A new optional section is added to the router config, gated by the appproxy feature:

appproxy:
  enabled: true
  coordinator_url: "http://coordinator:10200"
  api_secret: "${APPPROXY_API_SECRET}"     # X-BackendAI-Token
  jwt_secret: "${APPPROXY_JWT_SECRET}"      # HS256 circuit/bearer verification
  redis_url: "redis://valkey:6379/4"        # event bus DB (stream role)
  authority: "continuum-router-1"
  hostname: "router.example.com"
  frontend_mode: "wildcard"
  wildcard_domain: ".models.example.com"
  aggregation_hosts: []                      # extra Hosts that skip subdomain scoping
  wildcard_traffic_port: 443
  tls_advertised: true
  heartbeat_period: "10s"
  reconcile_interval: "15s"
  events_enabled: true                       # Redis Pub/Sub overlay on/off

Secrets support ${ENV_VAR} interpolation, consistent with backends[].api_key.

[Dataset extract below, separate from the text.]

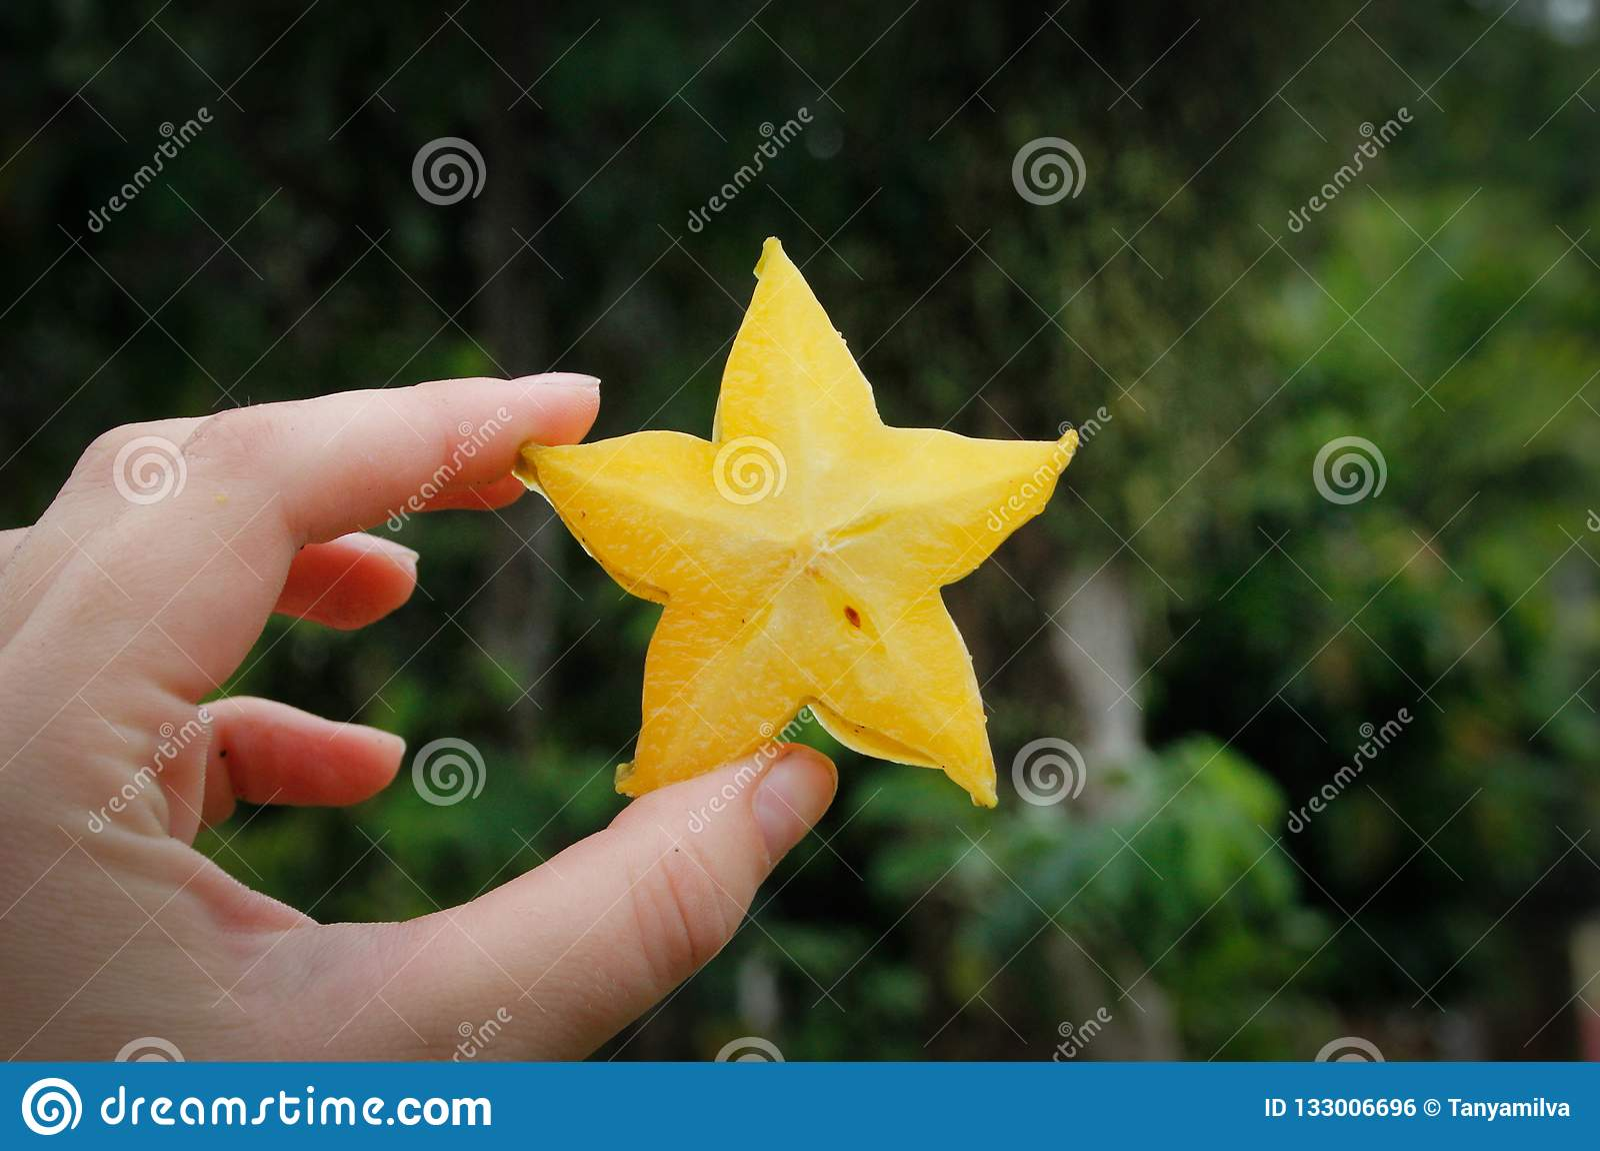 Corte una rebanada de fruta de estrella a disposición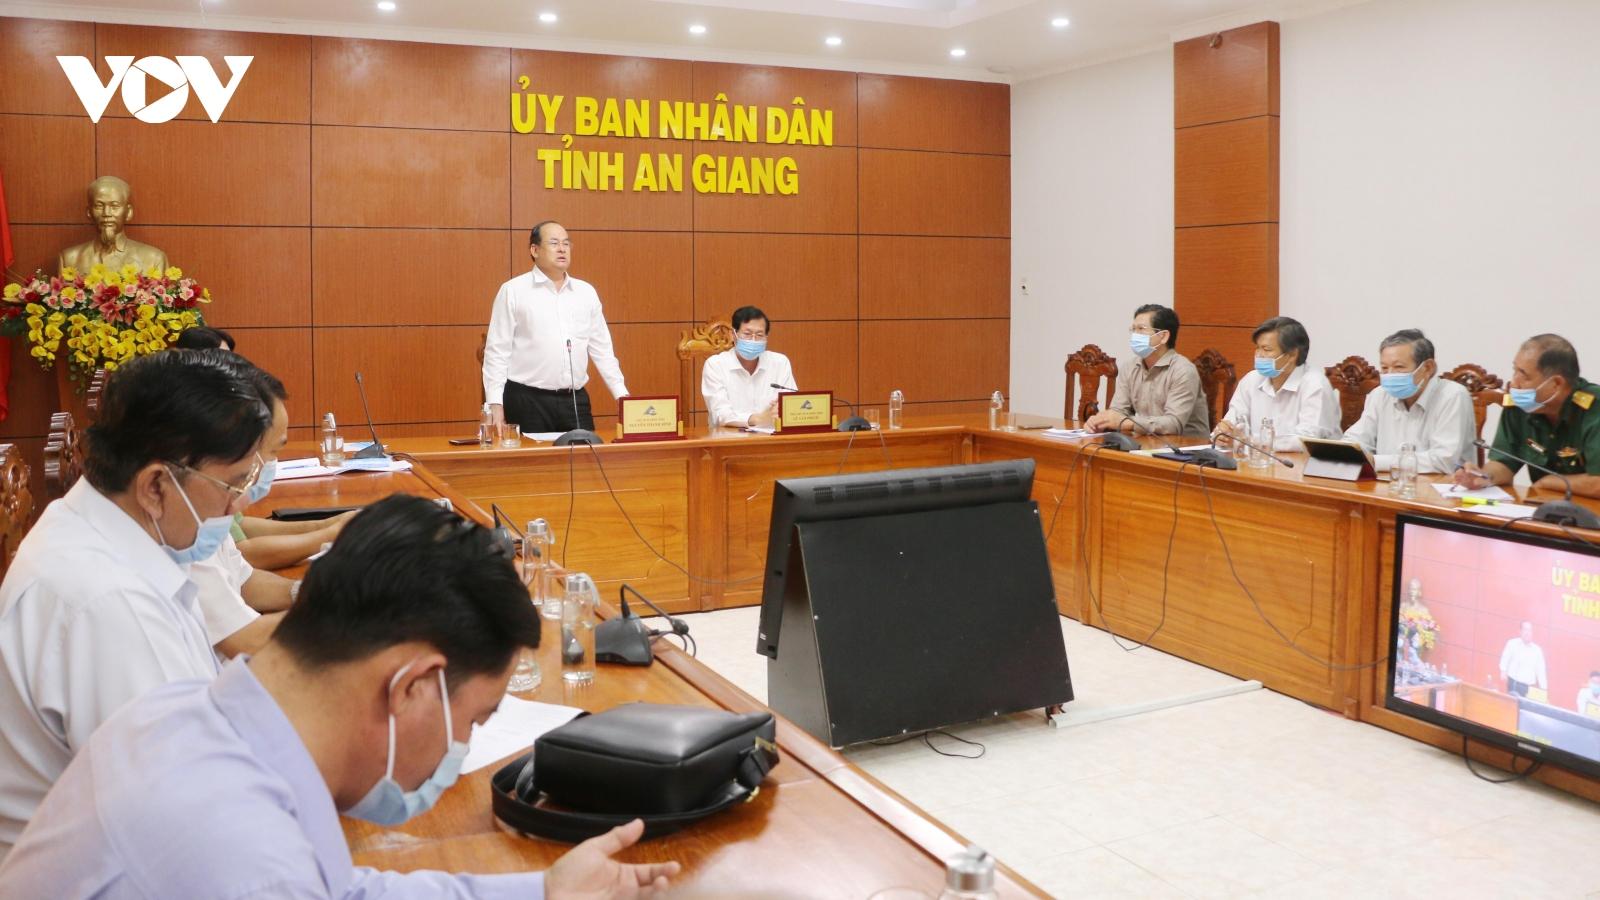 Công tác phòng, chống dịch Covid-19 tại An Giang được nâng lên mức cao nhất

aggregation_hosts is optional and empty by default. The bare wildcard apex (wildcard_domain without its leading dot, e.g. models.example.com) is always an aggregation surface implicitly; list any additional vanity or aggregation hostnames here. A request whose Host matches one of these (or the apex) skips per-circuit subdomain scoping and uses normal model-name routing across all circuits (§5.4).

8. Module layout

src/appproxy/                 # feature = "appproxy"
├── mod.rs                    # run_worker(cfg, state, shutdown_rx) entry; re-exports
├── config.rs                 # AppProxyWorkerConfig (also re-exported via core::config)
├── types.rs                  # SerializableCircuit, RouteInfo, enums (serde, dual aliases)
├── client.rs                 # coordinator REST client (X-BackendAI-Token)
├── worker.rs                 # lifecycle: register → pull → heartbeat → reconcile; circuit registry
├── reconcile.rs              # circuit set → Vec<BackendConfig> → config_sender (under the lock)
├── events.rs                 # Redis Pub/Sub subscribe + ack; msgpack/base64/JSON envelope codec
├── ingress.rs                # Host subdomain → IngressTarget middleware; handler override helper
└── jwt.rs                    # HS256 verify for non-public circuits

Wiring points (all behind #[cfg(feature = "appproxy")]):

  • Cargo.toml: appproxy = ["dep:redis", "dep:deadpool-redis", "dep:jsonwebtoken"] (Streams not needed). Leave out of full so it stays opt-in.
  • src/lib.rs: pub mod appproxy;.
  • src/core/config/models/config.rs: pub appproxy: Option<AppProxyWorkerConfig>.
  • src/server/mod.rs::build_router: register the worker /status route and insert the ingress middleware just outside the rate-limit layer (so the resolved model is visible to the rate limiter).
  • src/server/serve.rs: after the hot-reload block, spawn appproxy::run_worker(cfg, state.clone(), shutdown_rx.clone()) when cfg.appproxy.enabled.

9. Security

  • Coordinator auth. All REST calls send X-BackendAI-Token: <api_secret>. Keep the secret in env/secret storage; never log it.
  • Data-plane auth. Non-public inference circuits require an Authorization: Bearer <jwt> whose decoded id equals the circuit id (HS256, jwt_secret). Public circuits (open_to_public == true) skip it. Use jsonwebtoken with Validation::new(Algorithm::HS256) — never the unverified payload decode that exists elsewhere in the tree.
  • Client IP allow-list. Honour allowed_client_ips (comma-separated CIDRs) when present on a circuit.
  • Shared secrets. api_secret and jwt_secret must be identical across the whole AppProxy cluster (coordinator + workers).

10. Limitations

  • Model-name source. The served model name is auto-discovered from each replica's /v1/models; the coordinator does not supply a model name (the integration is continuum-router-only, per decision 2).
  • PORT mode. Not supported. It would require dynamic per-port listeners; the router registers as a wildcard worker only.
  • Interactive apps. Not served. The router registers accepted_traffics = [inference] only, so interactive circuits stay on stock workers.
  • Health/load reporting. The AppProxy heartbeat is a bare keepalive; the router does not export per-circuit load or health metrics to the coordinator.